== TASK REQUIREMENTS ==
Take the lines below from the one with "Zara Fabric Tufted" through the one with "Senior couple gardening" and retype them exactly. Include nothing else, and no pictures.

==== SOURCE MATERIAL

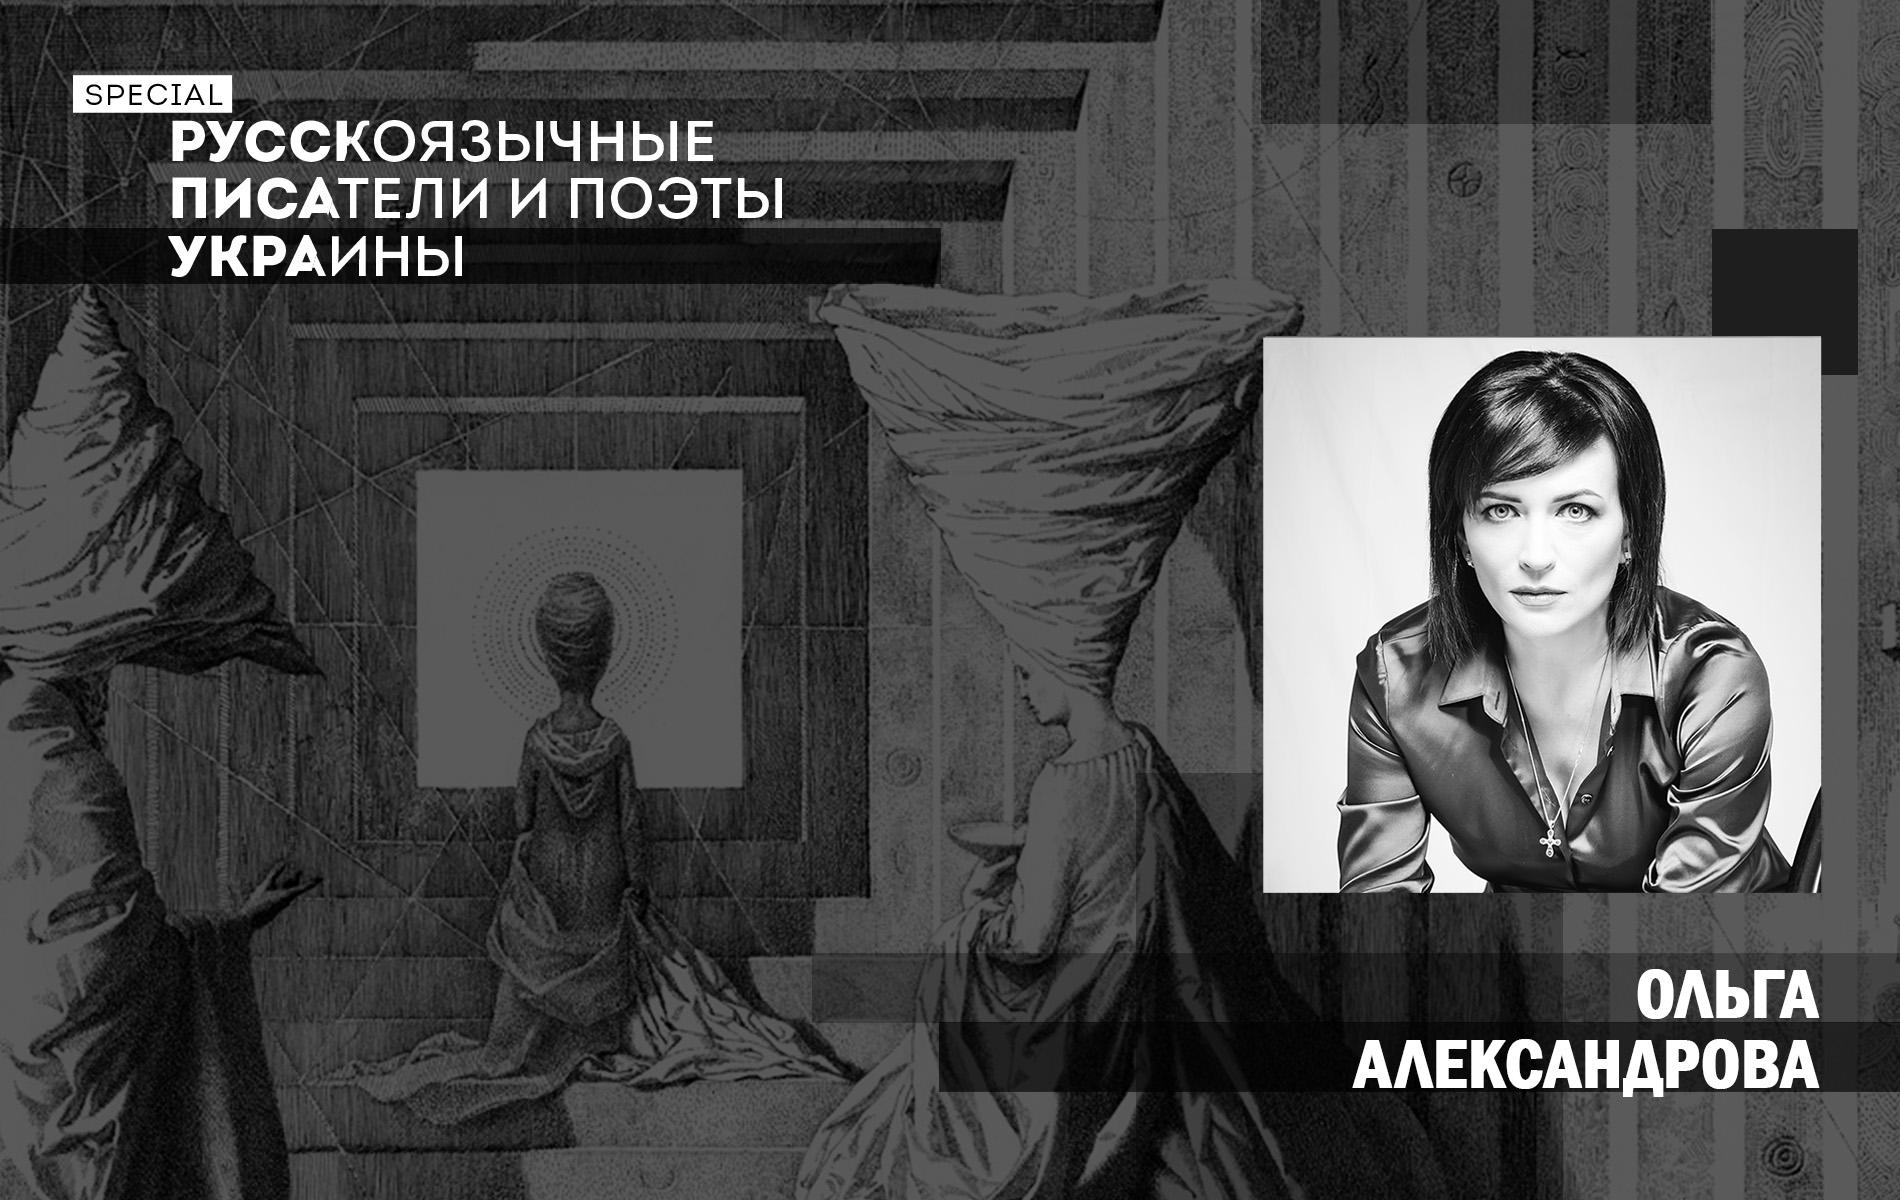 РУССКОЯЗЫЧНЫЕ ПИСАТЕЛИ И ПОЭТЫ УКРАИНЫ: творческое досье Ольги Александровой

========
==== SOURCE MATERIAL

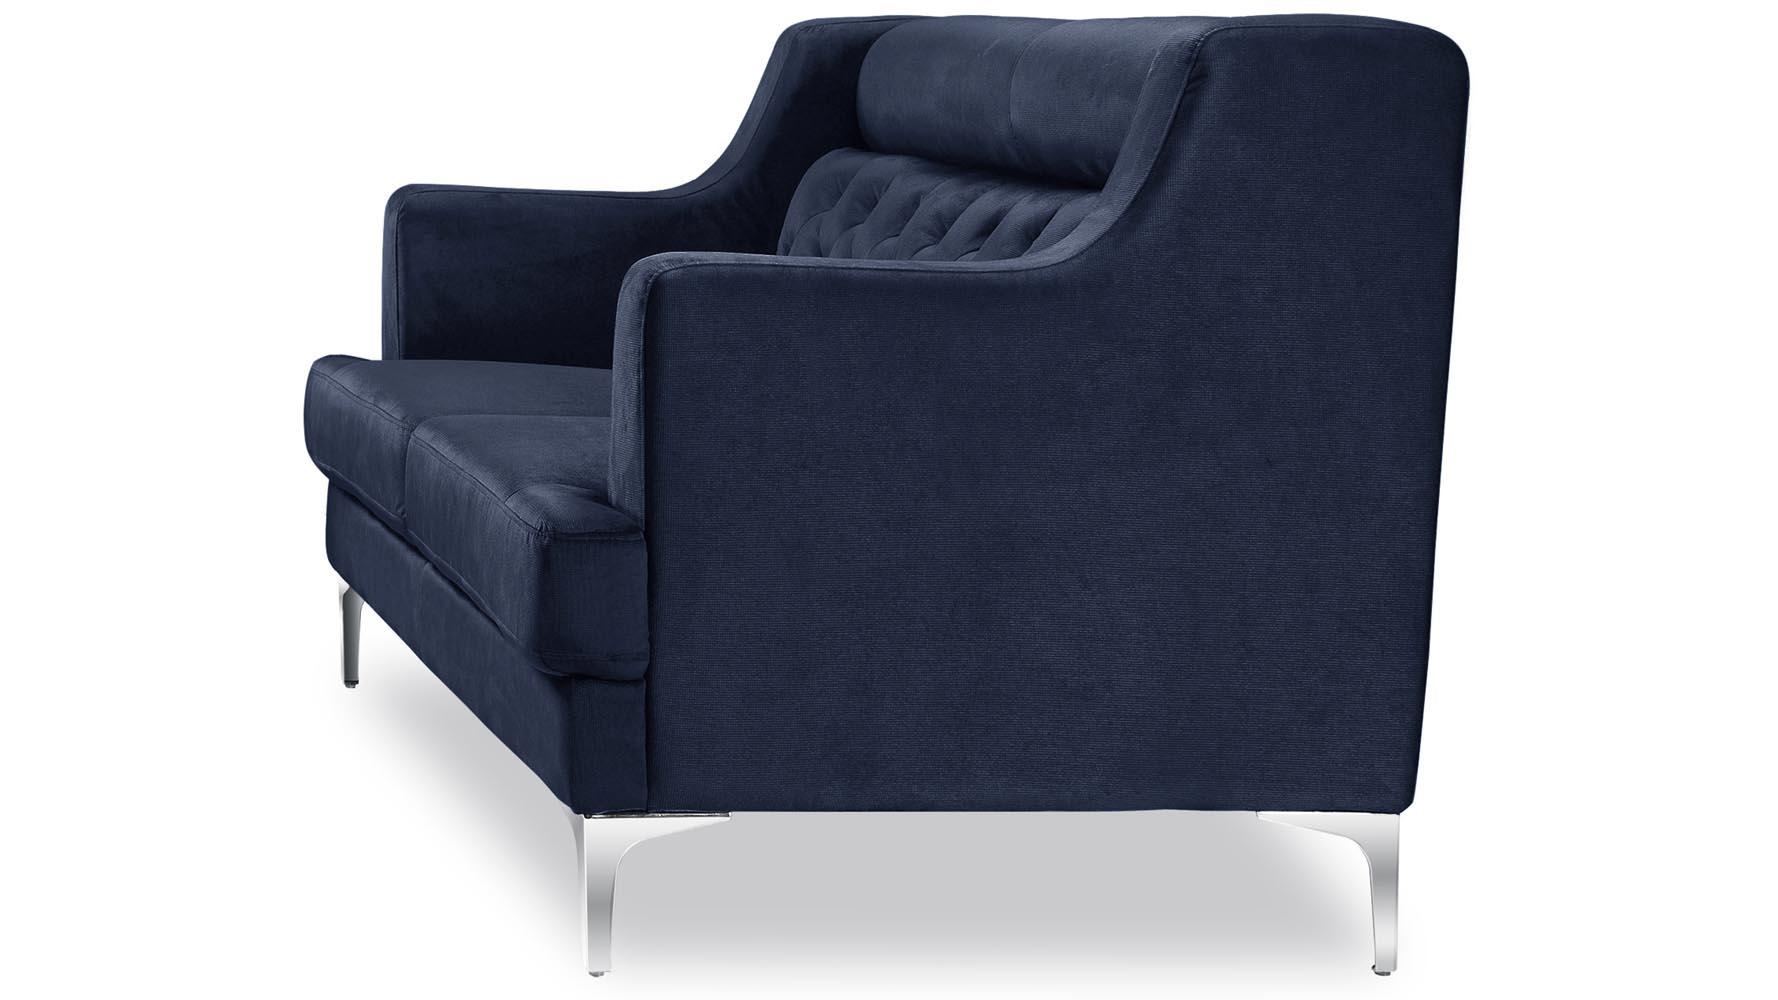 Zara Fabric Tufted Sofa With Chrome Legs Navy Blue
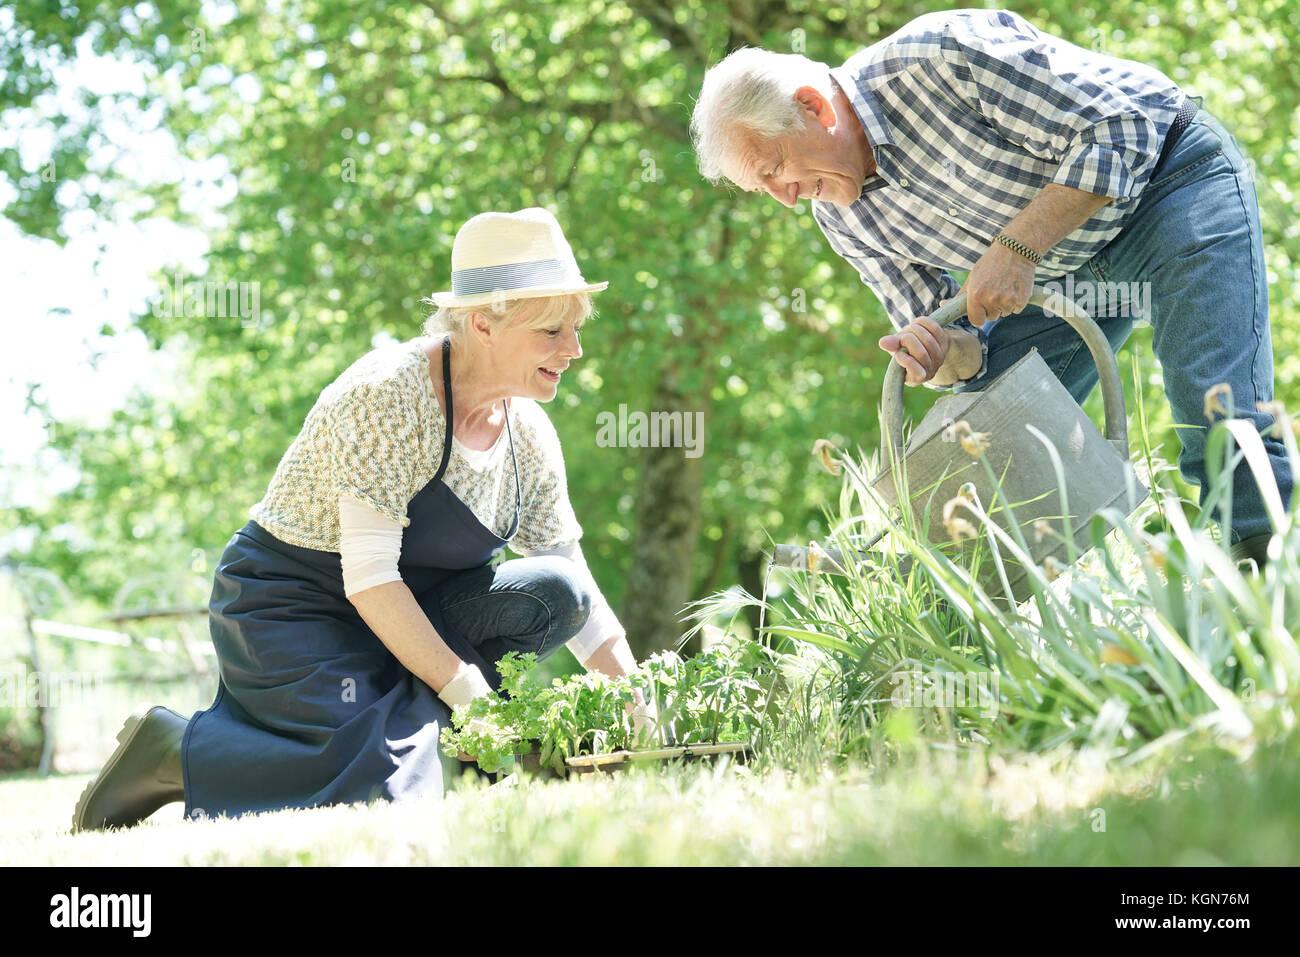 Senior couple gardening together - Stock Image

========
==== SOURCE MATERIAL

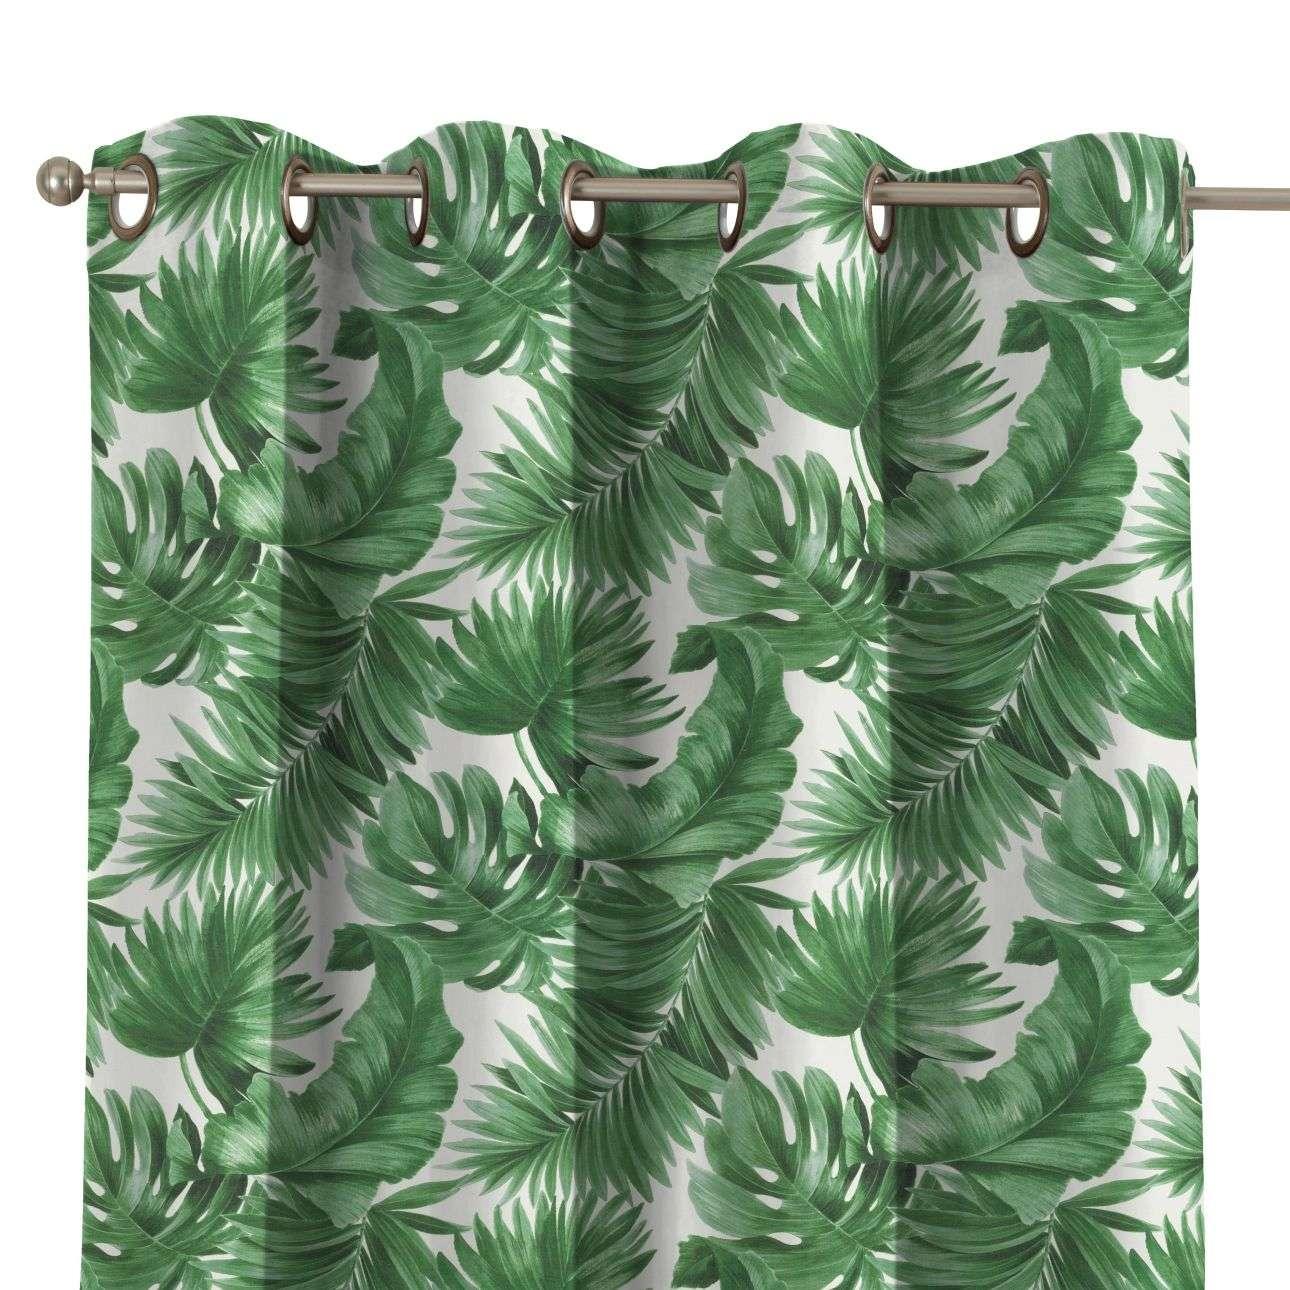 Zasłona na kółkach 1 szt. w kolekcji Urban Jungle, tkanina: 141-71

========

== SOLUTION TO THE PROBLEM ==
 Zara Fabric Tufted Sofa With Chrome Legs Navy Blue
 Senior couple gardening together - Stock Image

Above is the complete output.